» EXERCISE DESCRIPTION
Starting at the line that contains "в стиле Модерн, Хай-тек.", quote each line exactly through the last line of the entries, both included.

+++ TASK DATA +++

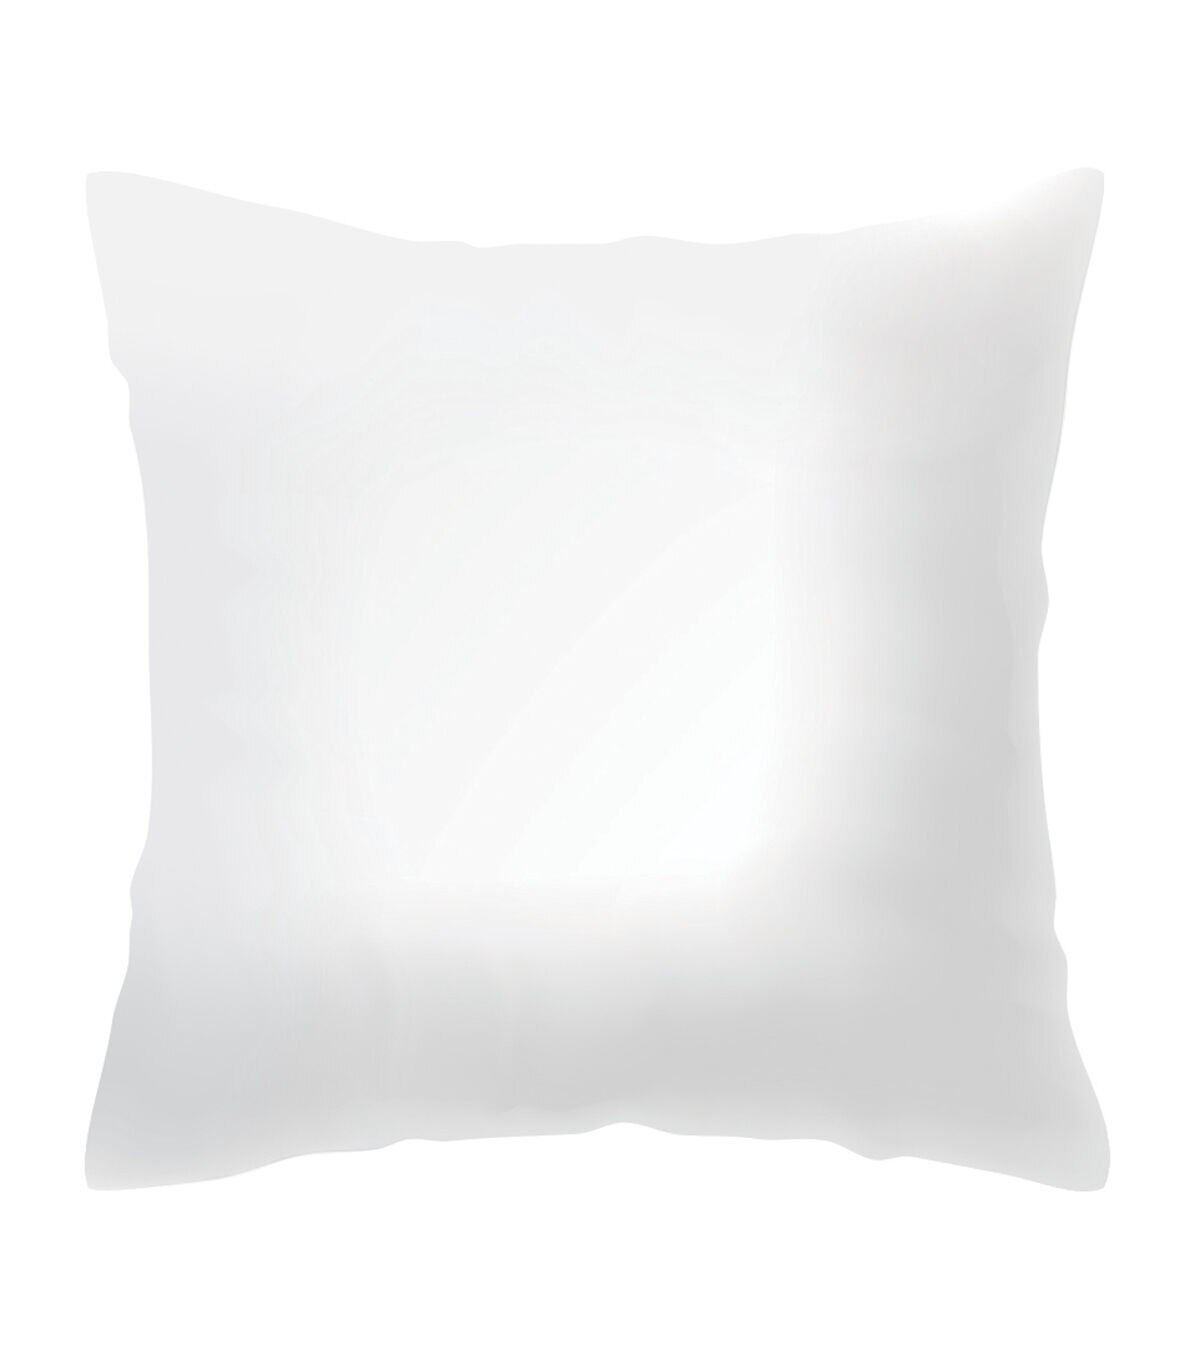 foam pillow inserts
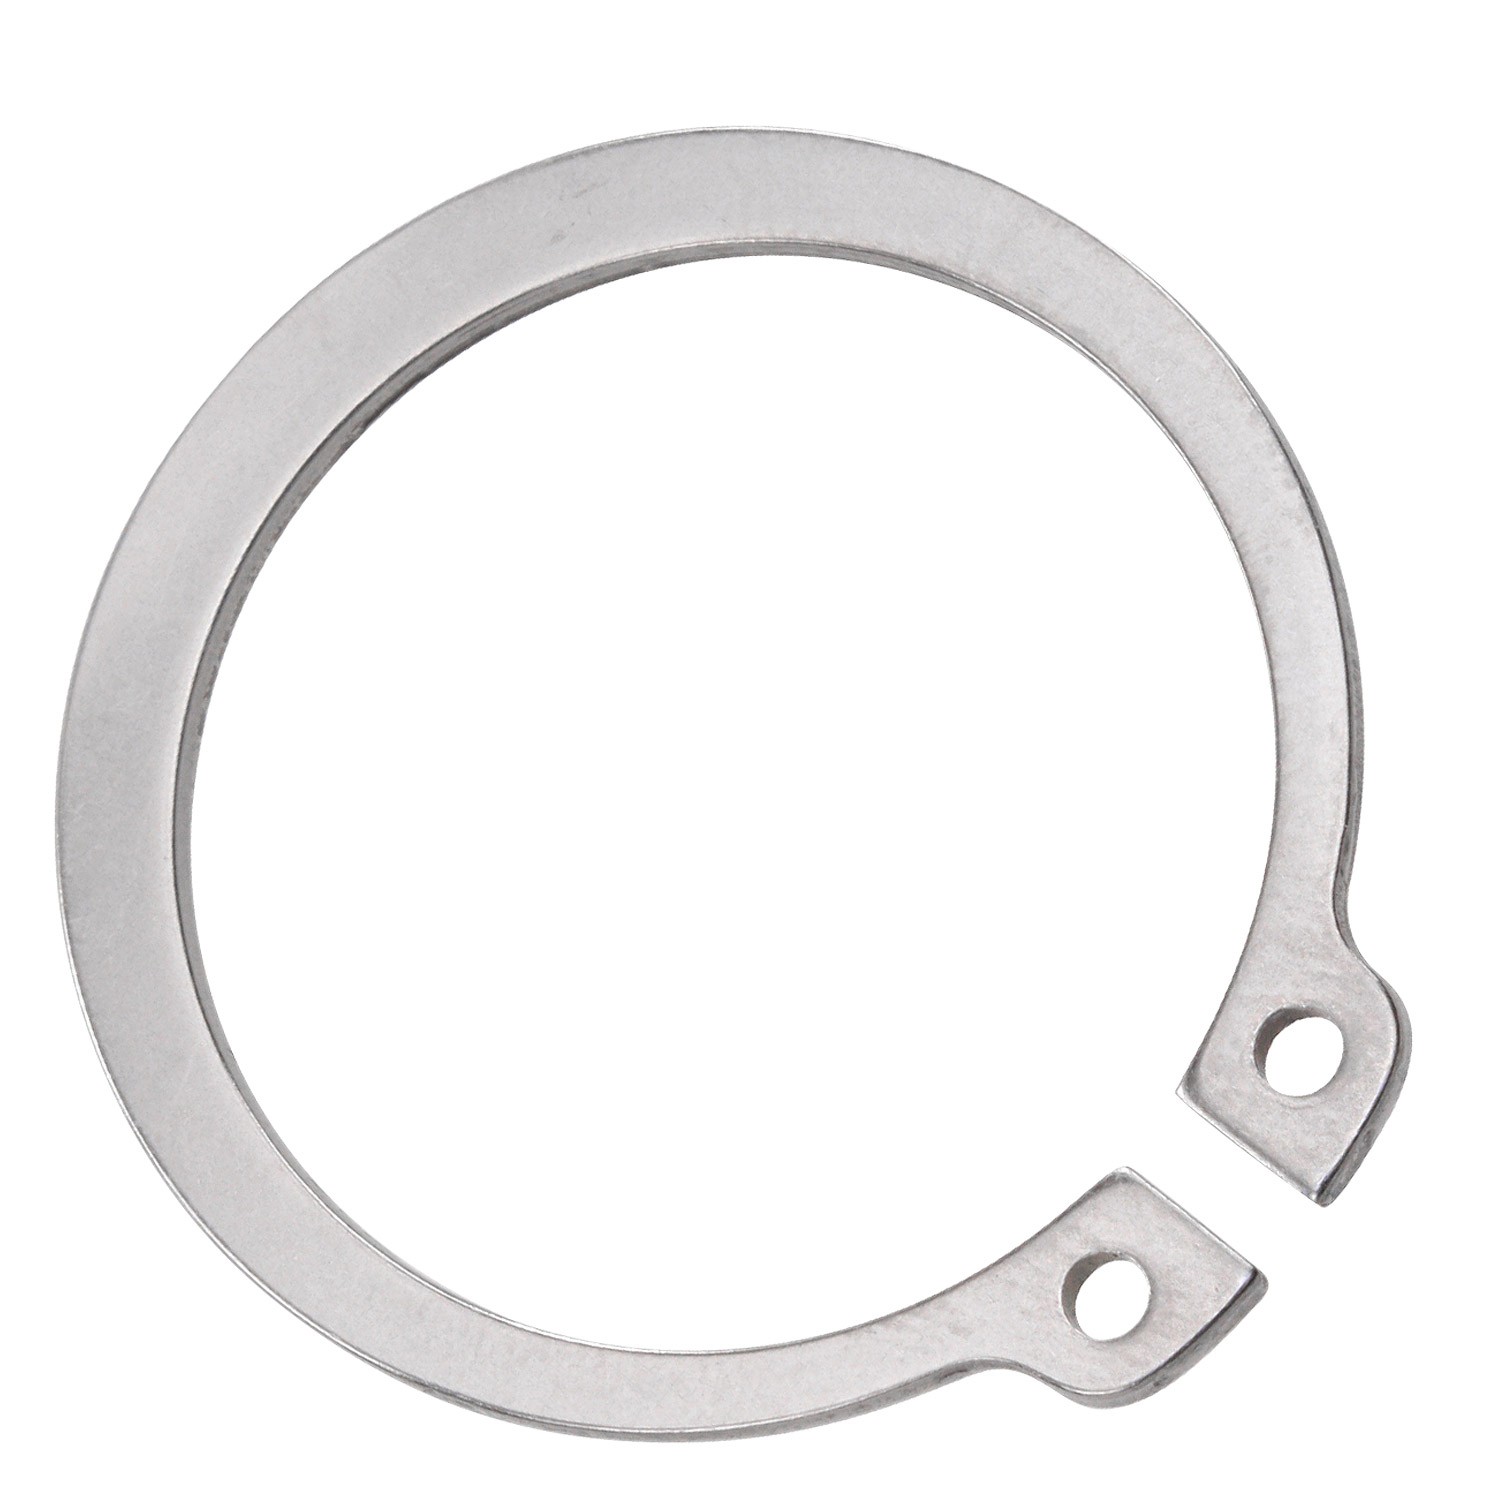 Кольцо стопорное наружное 3х0,4 DIN 471, нержавеющая сталь 1.4122 (А2) - фото
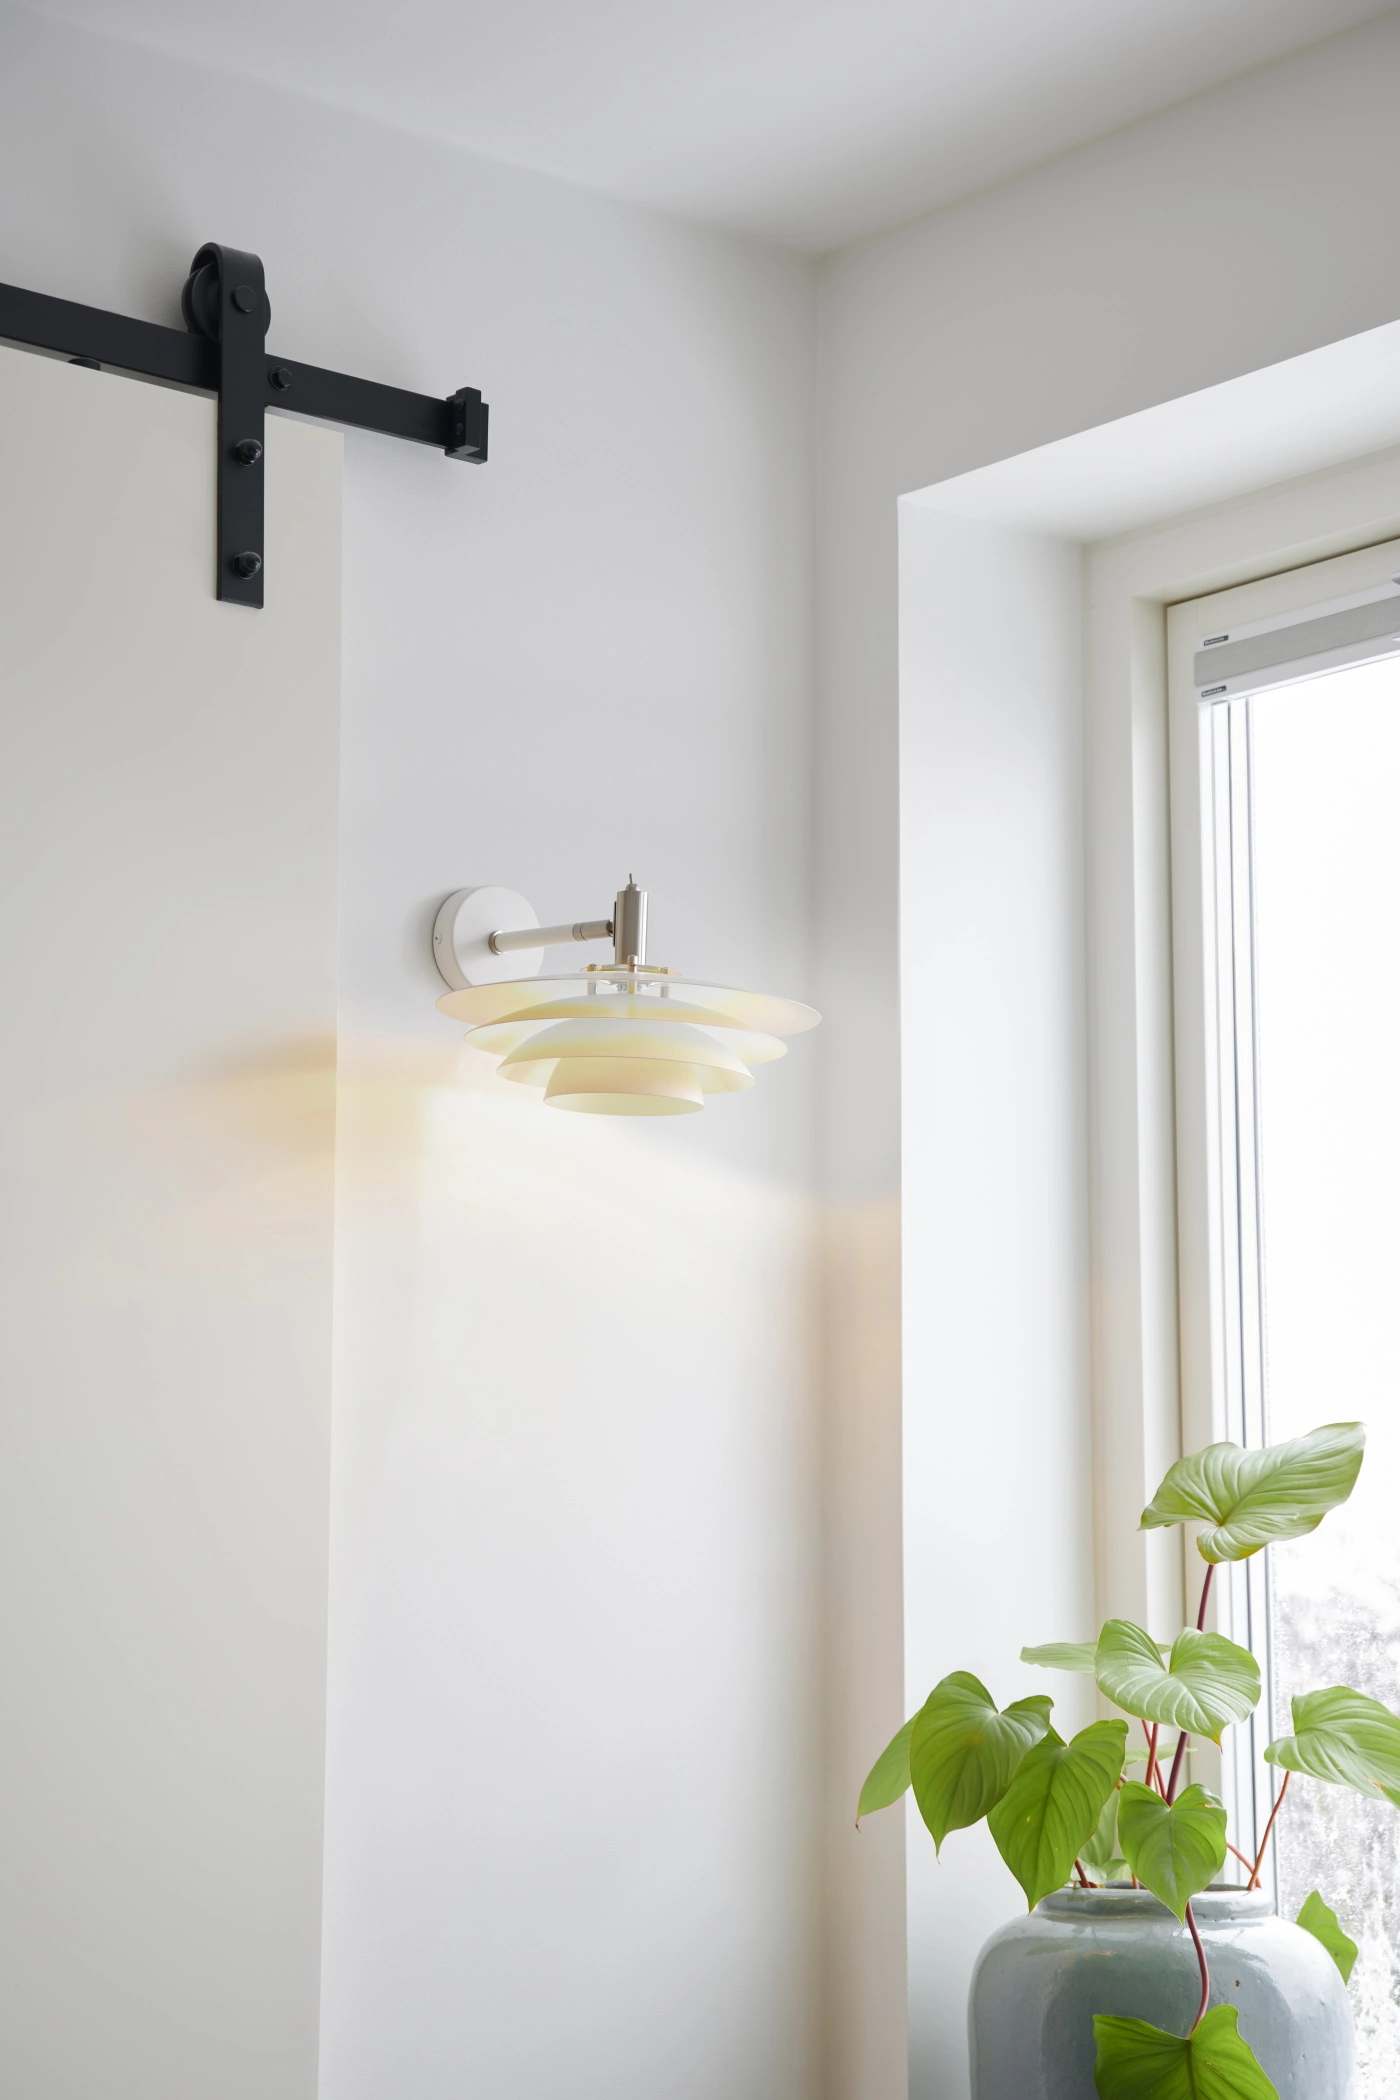   
                        Бра NORDLUX  (Дания) 52438    
                         в стиле Модерн, Хай-тек.  
                        Тип источника света: светодиодная лампа, сменная.                                                 Цвета плафонов и подвесок: Белый.                         Материал: Металл.                          фото 4

+++

» SOLVED PROBLEM
                         в стиле Модерн, Хай-тек.  
                        Тип источника света: светодиодная лампа, сменная.                                                 Цвета плафонов и подвесок: Белый.                         Материал: Металл.                          фото 4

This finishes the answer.